BEGIN AVAILABLE DATA
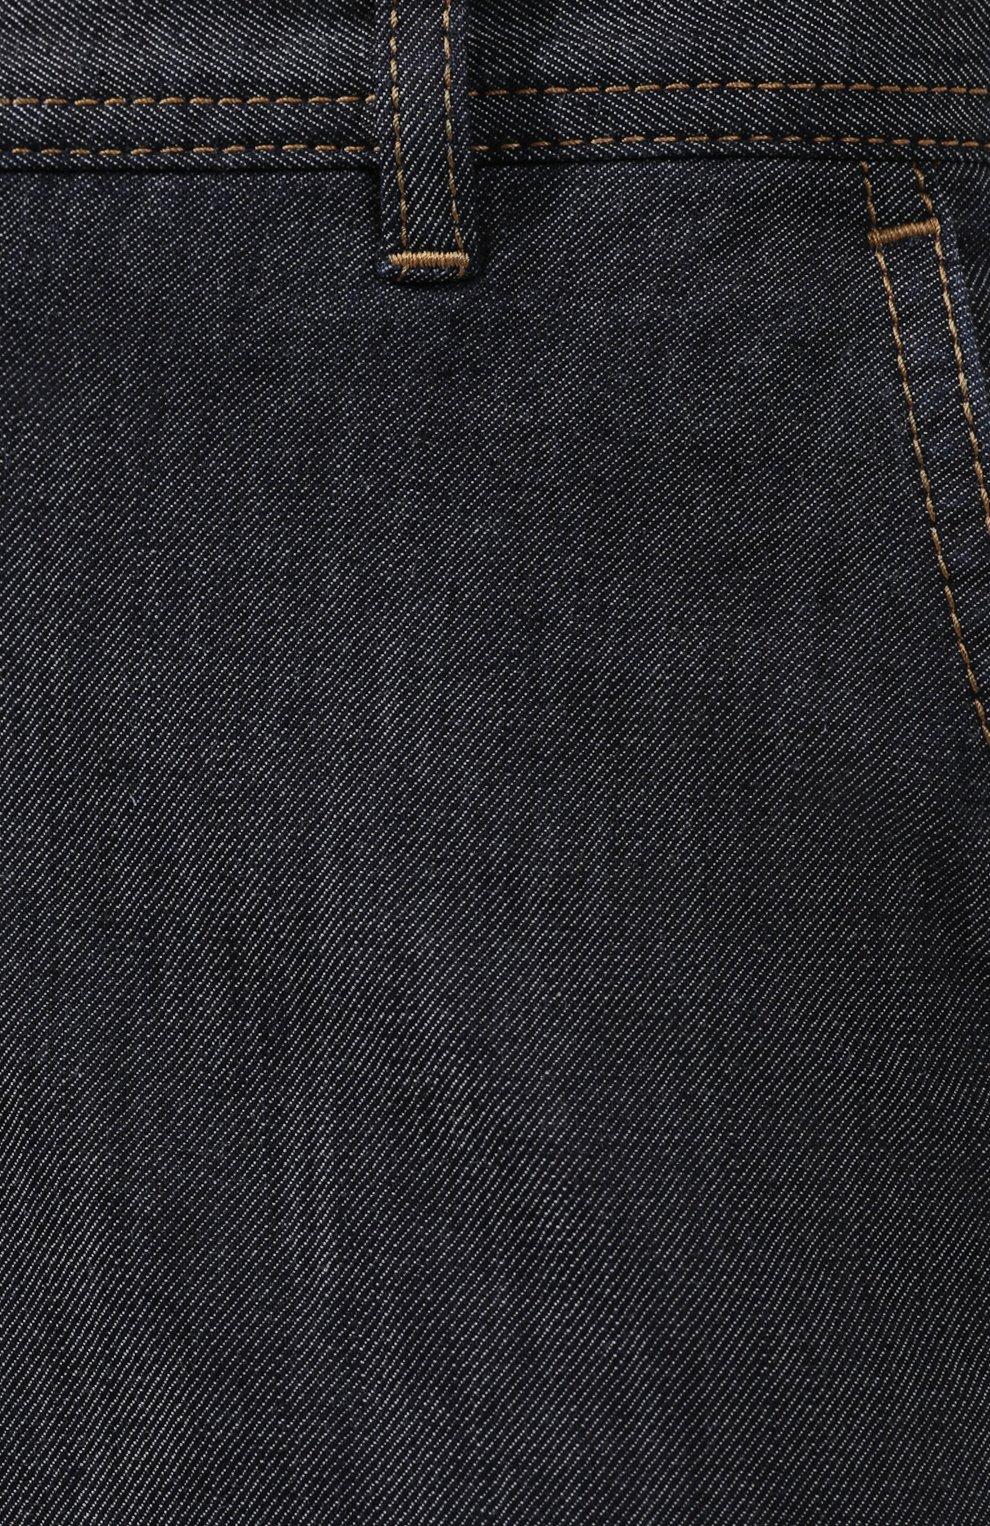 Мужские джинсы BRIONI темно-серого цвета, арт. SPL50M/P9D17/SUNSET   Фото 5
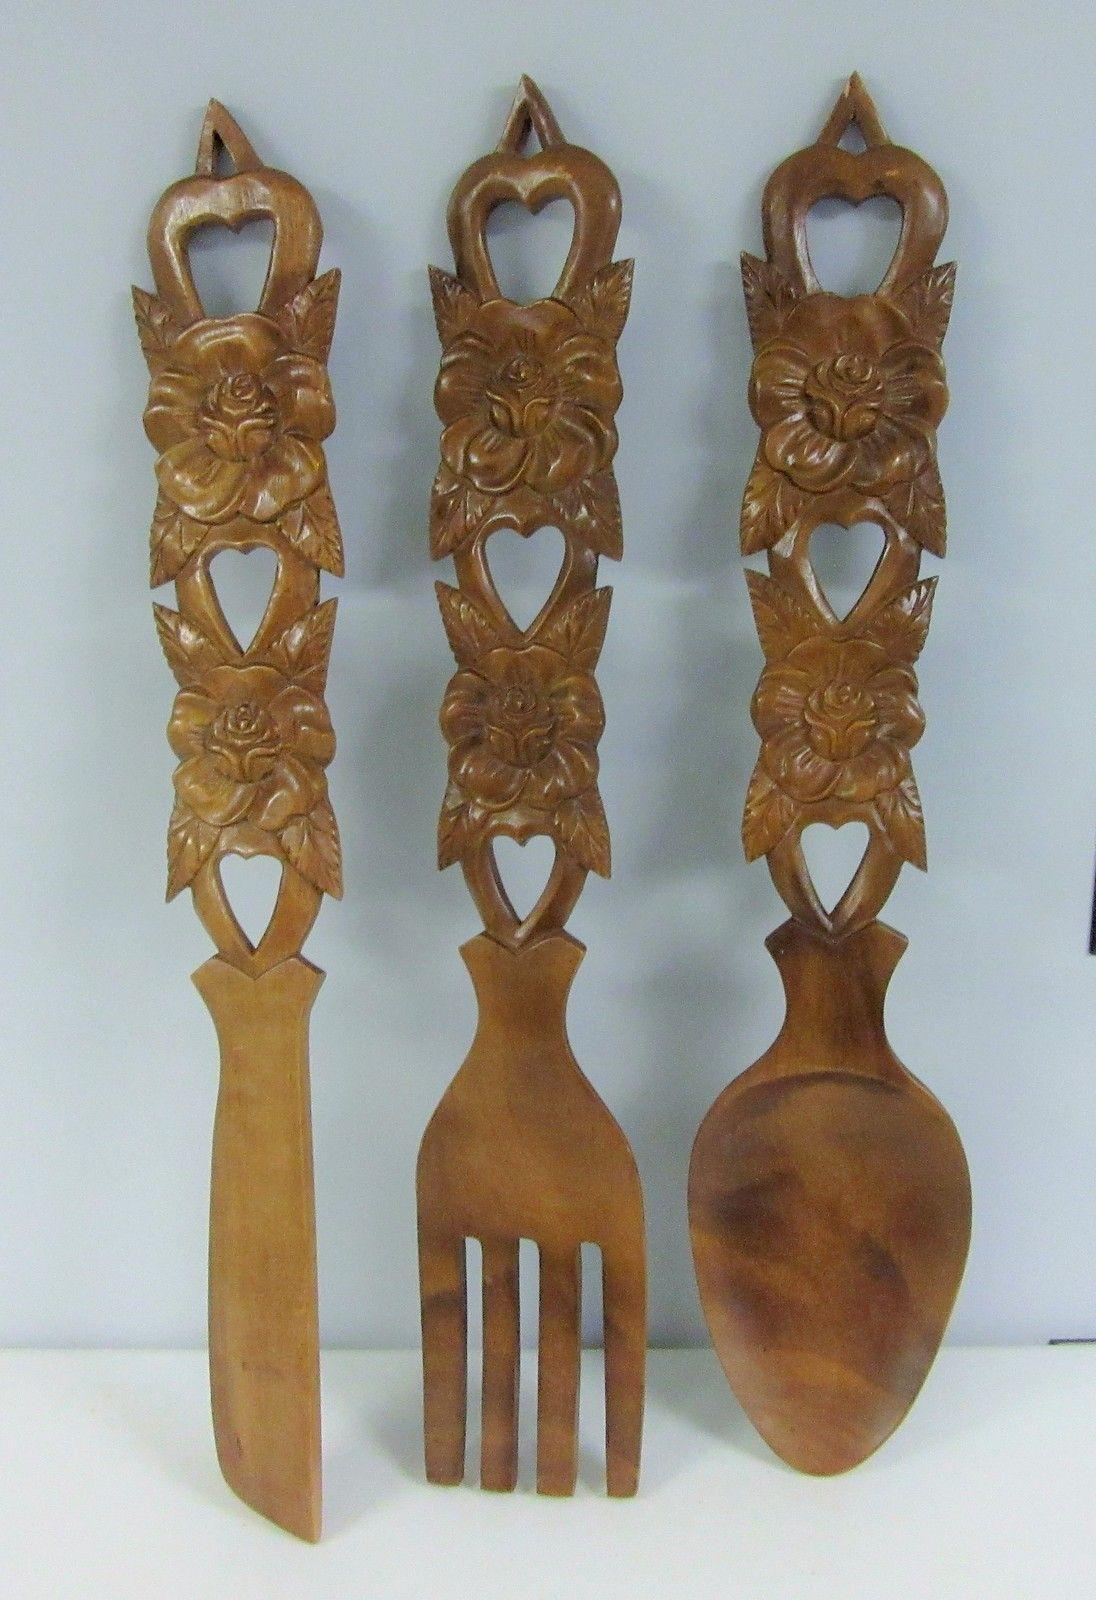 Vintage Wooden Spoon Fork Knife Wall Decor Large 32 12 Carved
END AVAILABLE DATA
BEGIN AVAILABLE DATA
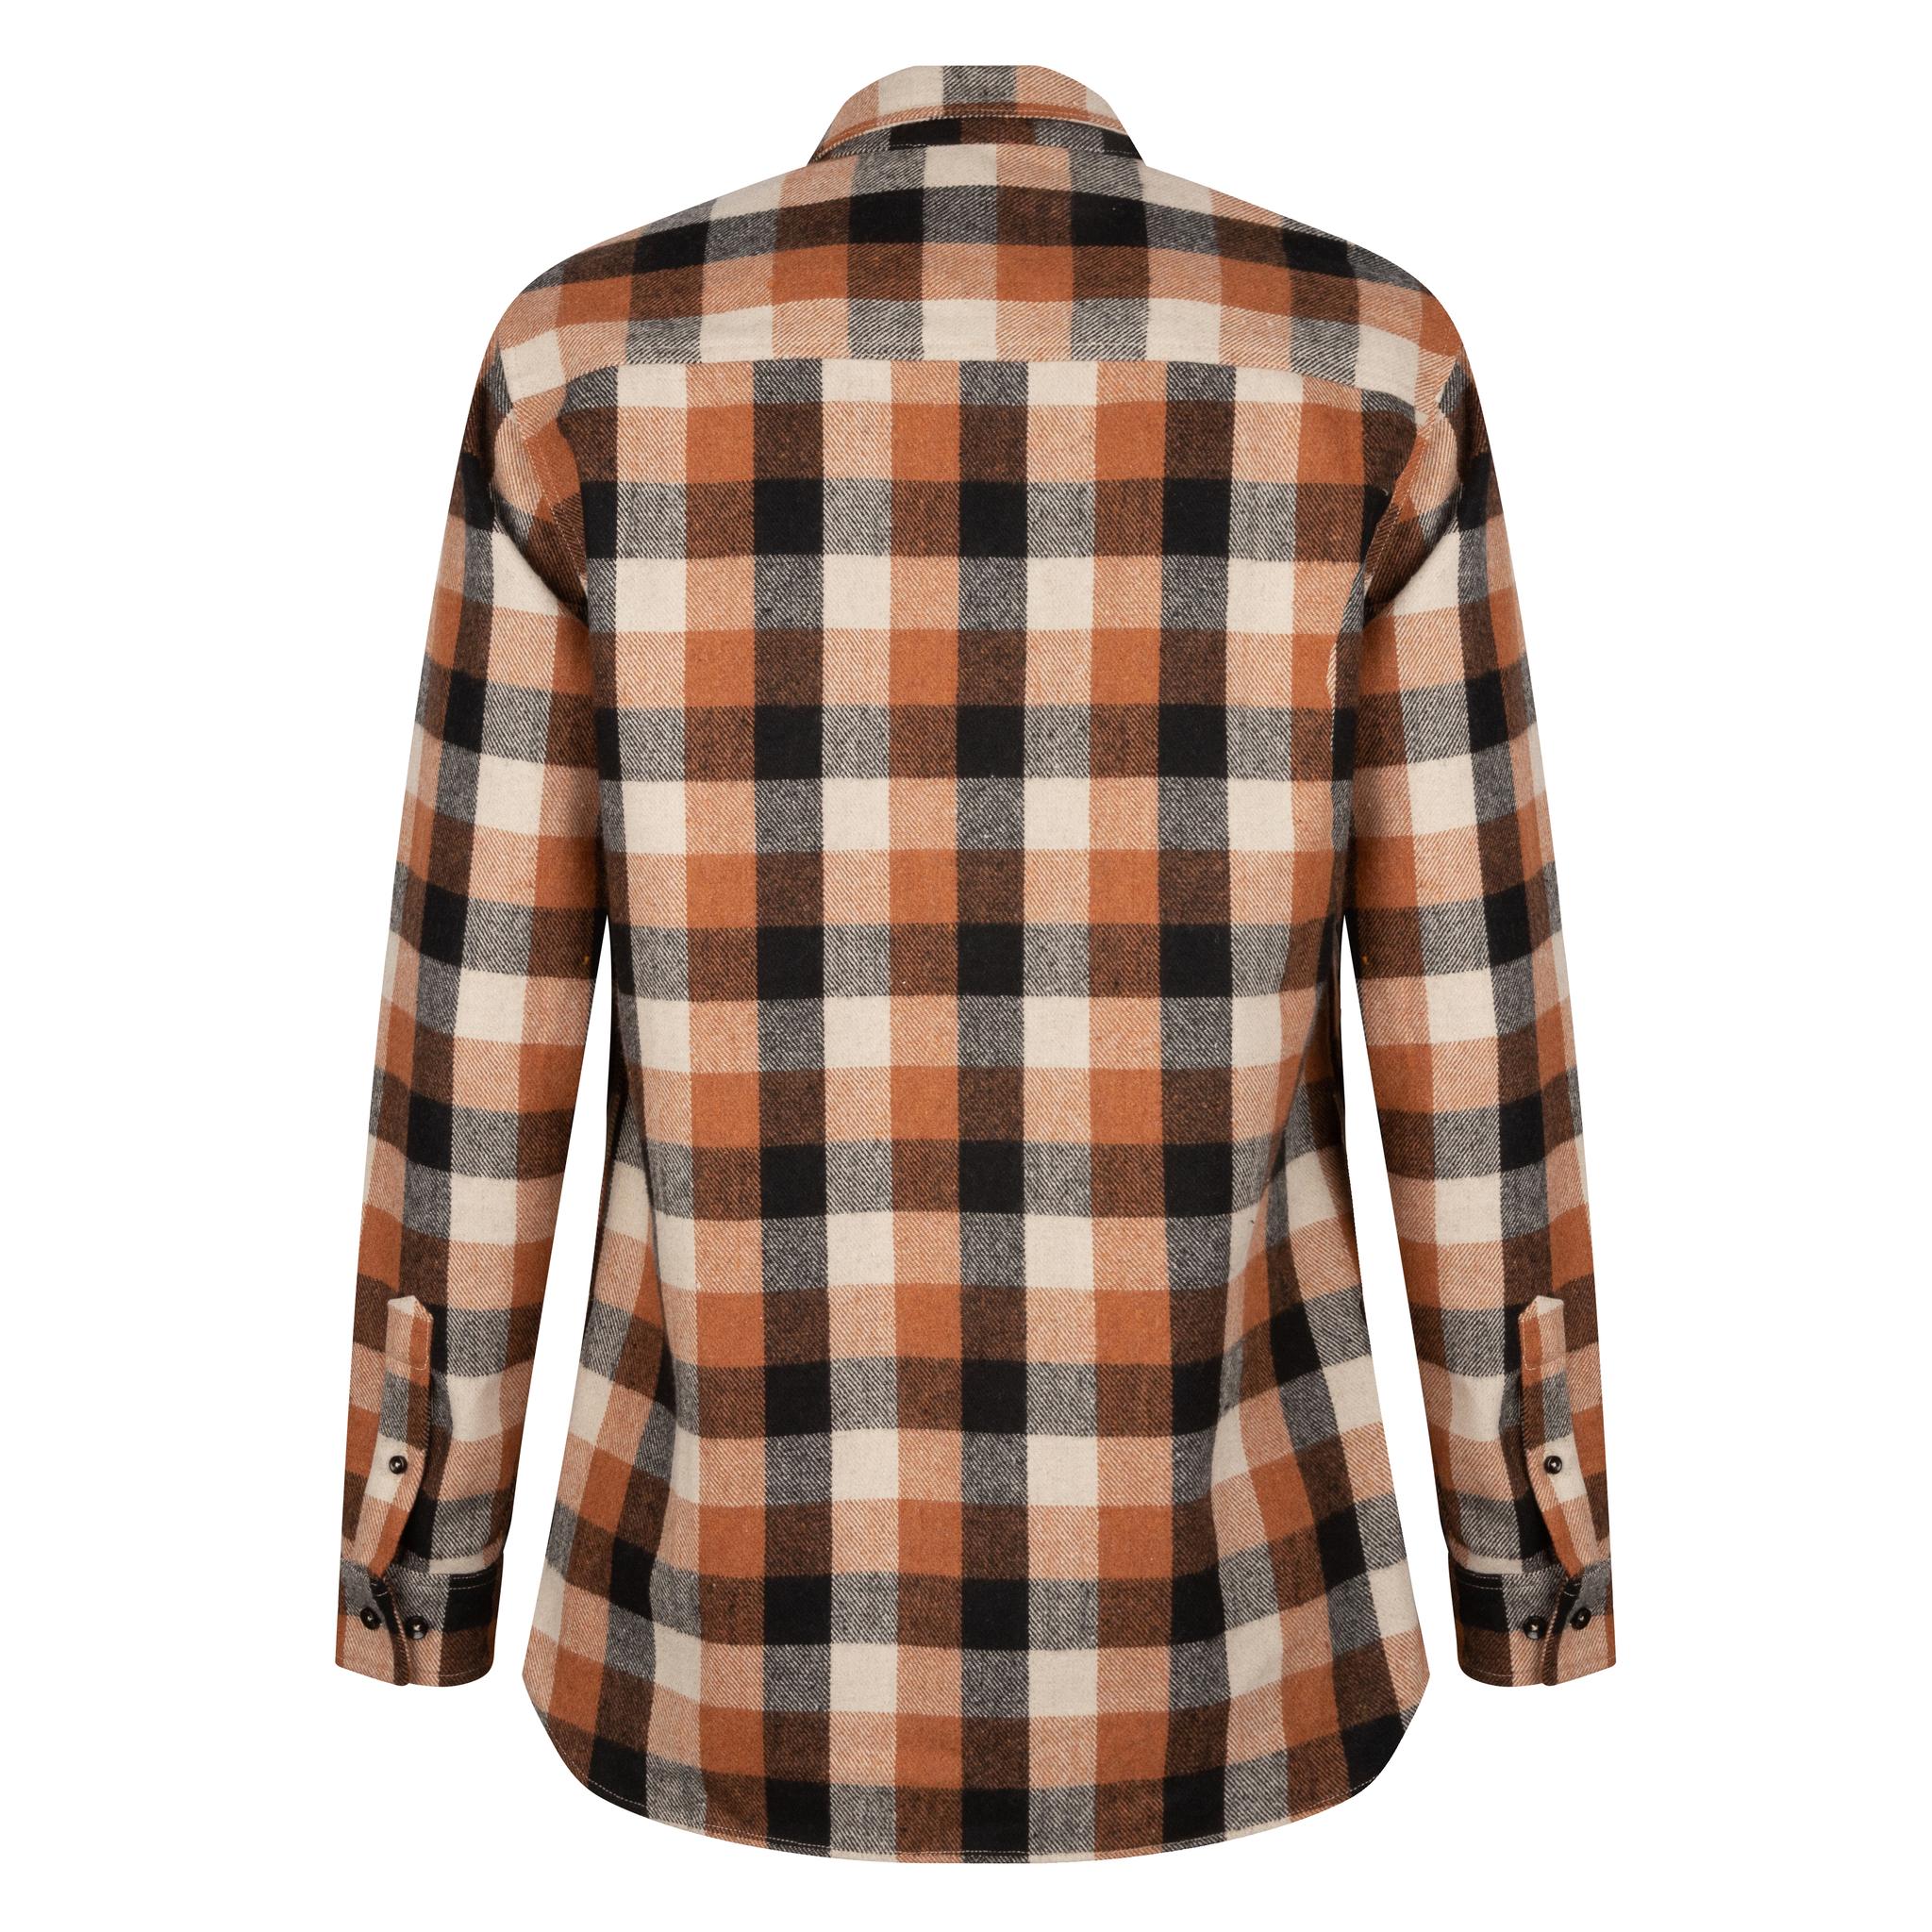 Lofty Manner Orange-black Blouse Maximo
END AVAILABLE DATA
BEGIN AVAILABLE DATA
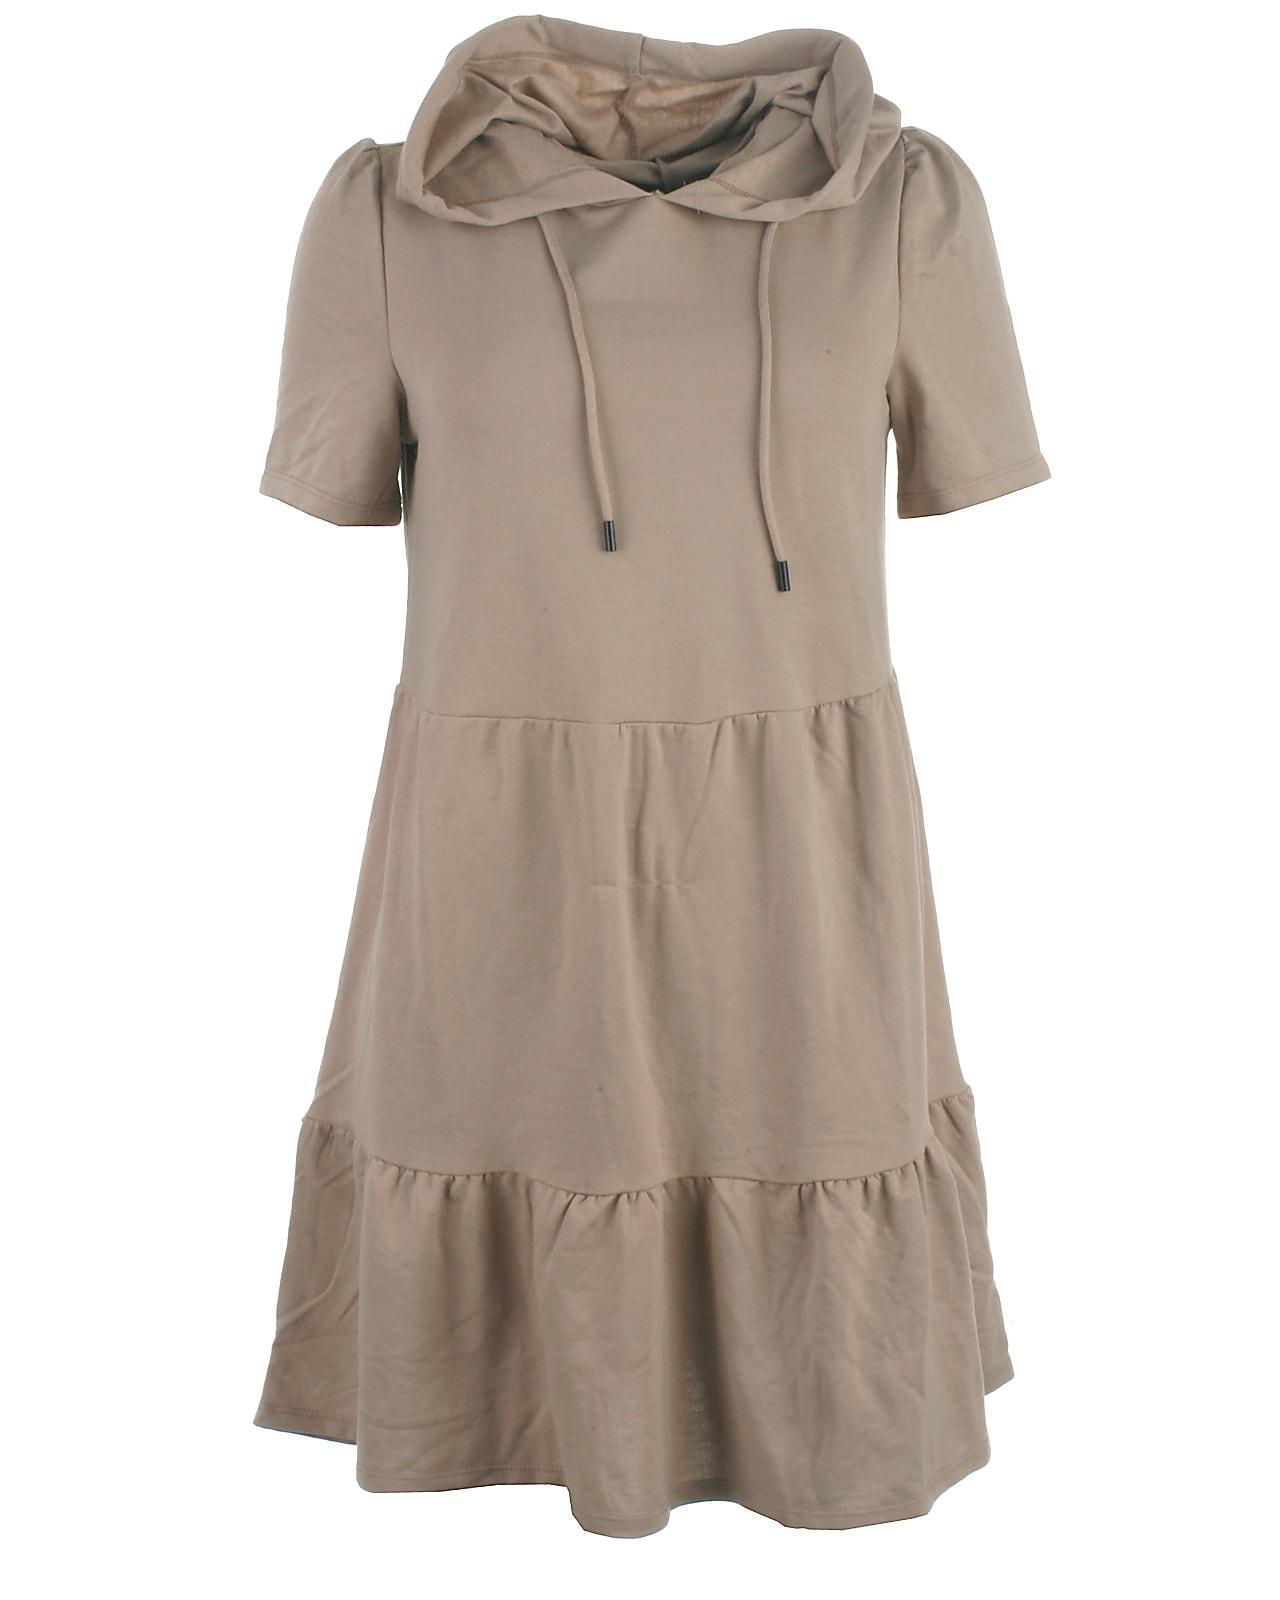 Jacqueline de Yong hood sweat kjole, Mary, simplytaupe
END AVAILABLE DATA
▶ _EXERCISE OBJECTIVE_
Everything above from the line with "Мужские джинсы BRIONI" through the line with "Vintage Wooden Spoon" should be retyped exactly, and nothing else; omit pictures.

▶ _THE COMPLETED TASK_
 Мужские джинсы BRIONI темно-серого цвета, арт. SPL50M/P9D17/SUNSET   Фото 5
 Vintage Wooden Spoon Fork Knife Wall Decor Large 32 12 Carved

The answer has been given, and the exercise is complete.